## ACTIVITY
When you return the data, keep every word exact and include none of the images.

## RECORDED DATA
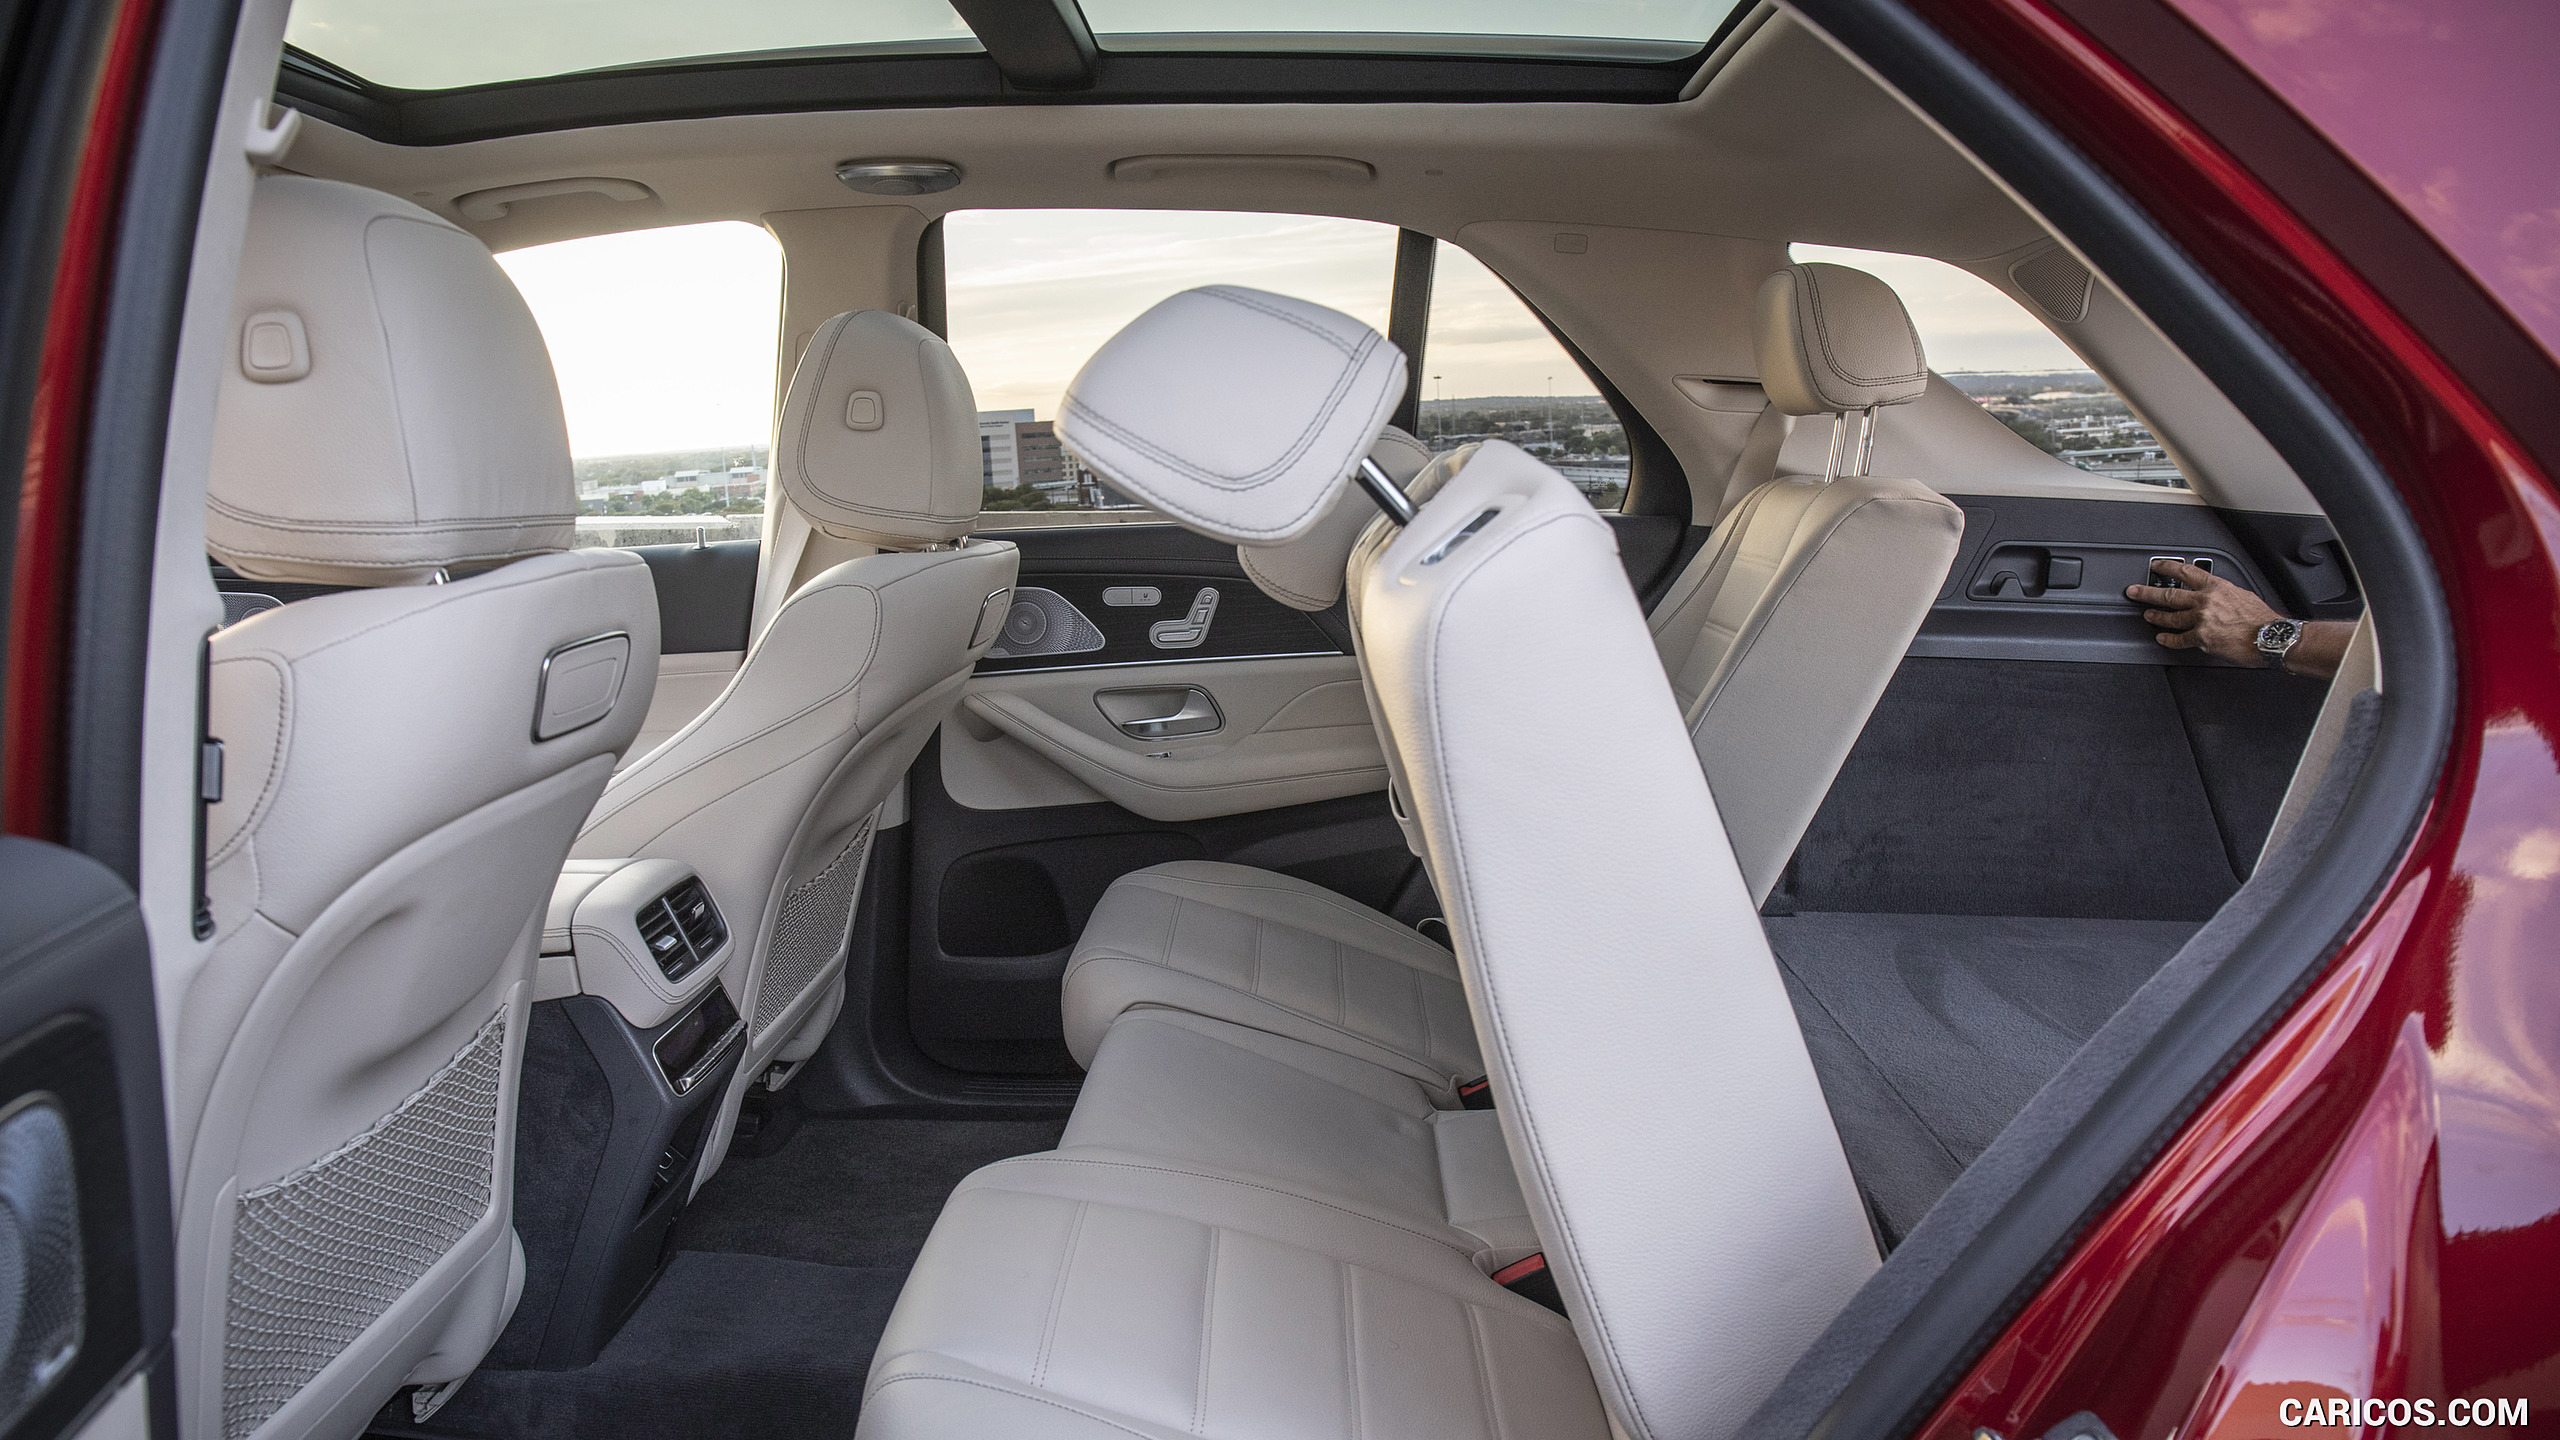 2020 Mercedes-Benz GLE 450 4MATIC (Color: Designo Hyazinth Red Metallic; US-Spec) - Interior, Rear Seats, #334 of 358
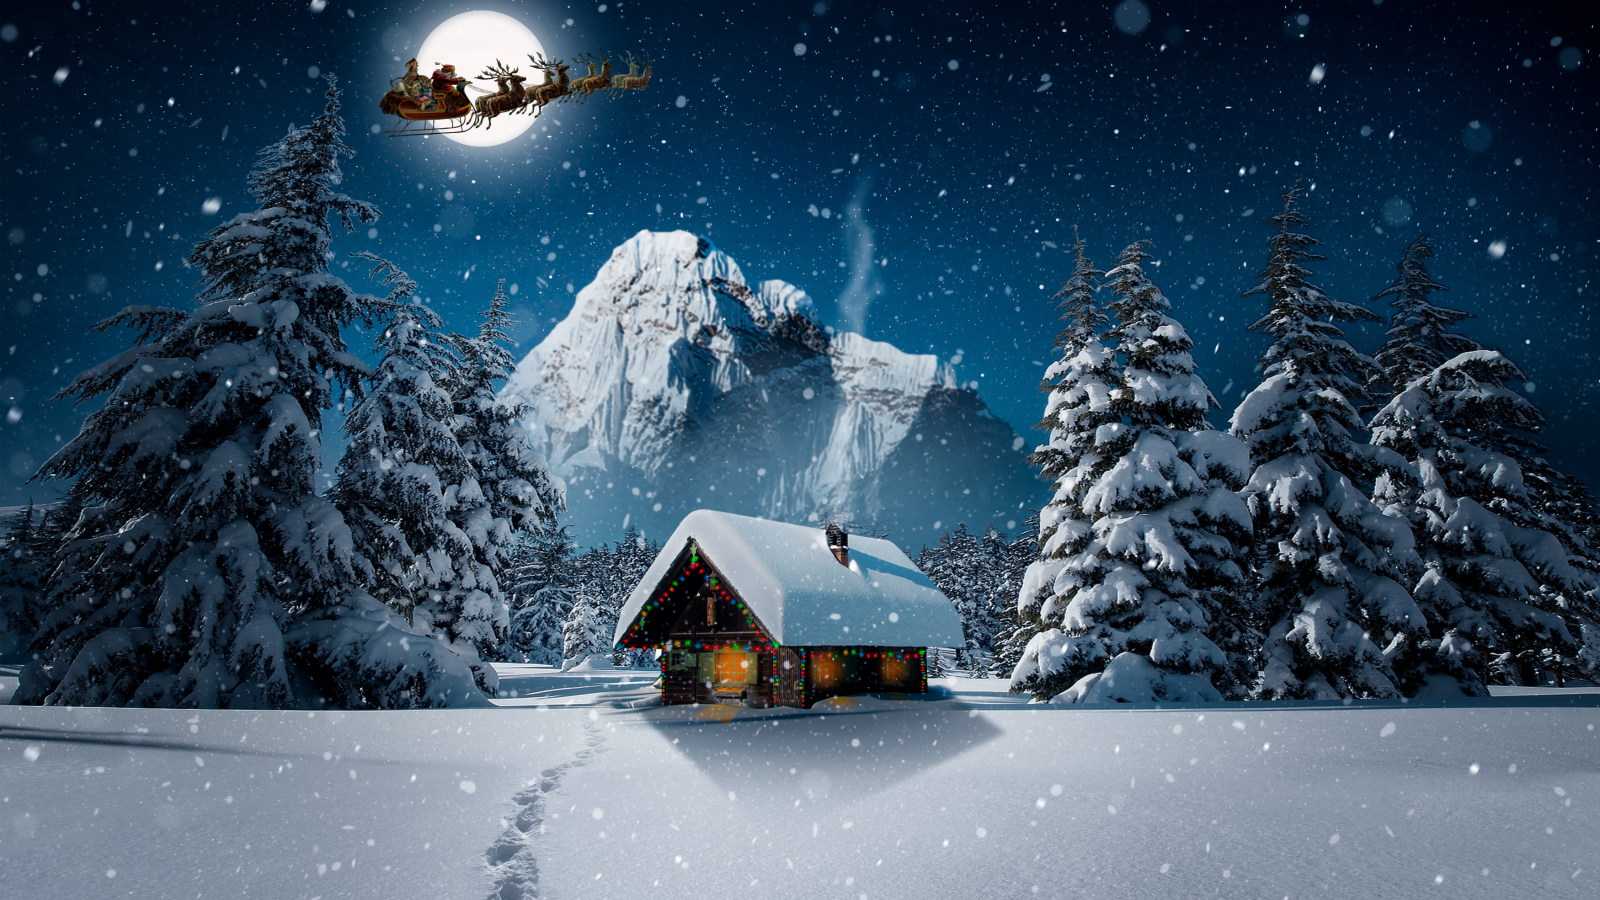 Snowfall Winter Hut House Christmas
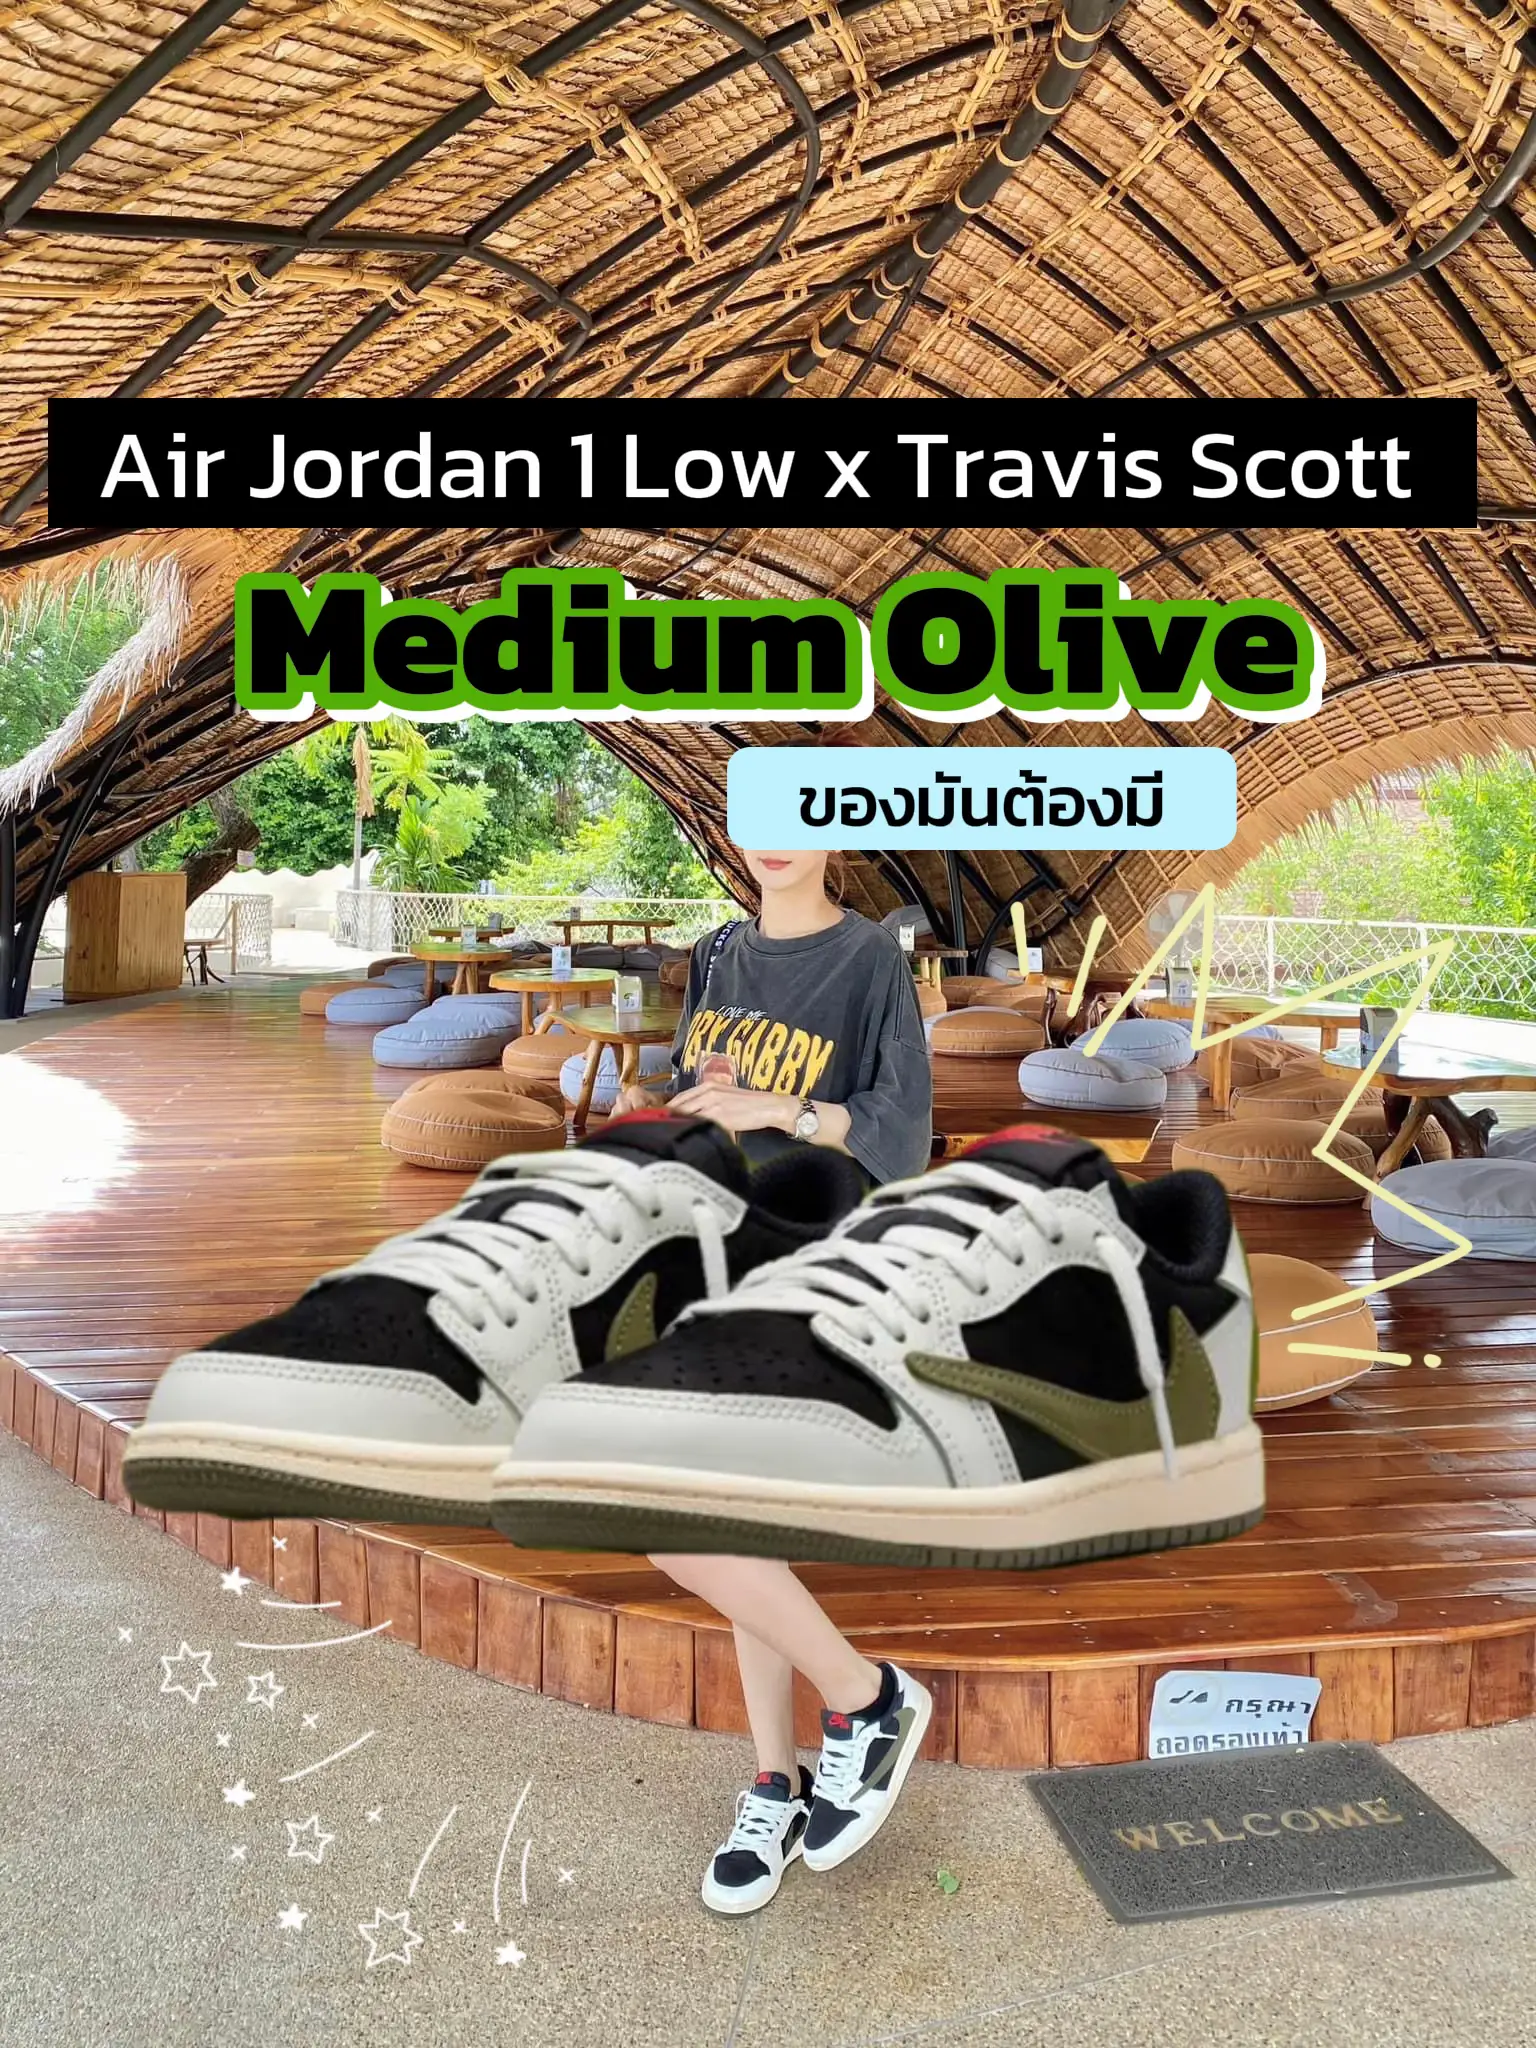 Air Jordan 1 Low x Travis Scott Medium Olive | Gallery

## EXERCISE RESULT
 2020 Mercedes-Benz GLE 450 4MATIC (Color: Designo Hyazinth Red Metallic; US-Spec) - Interior, Rear Seats, #334 of 358
 Snowfall Winter Hut House Christmas
 Air Jordan 1 Low x Travis Scott Medium Olive | Gallery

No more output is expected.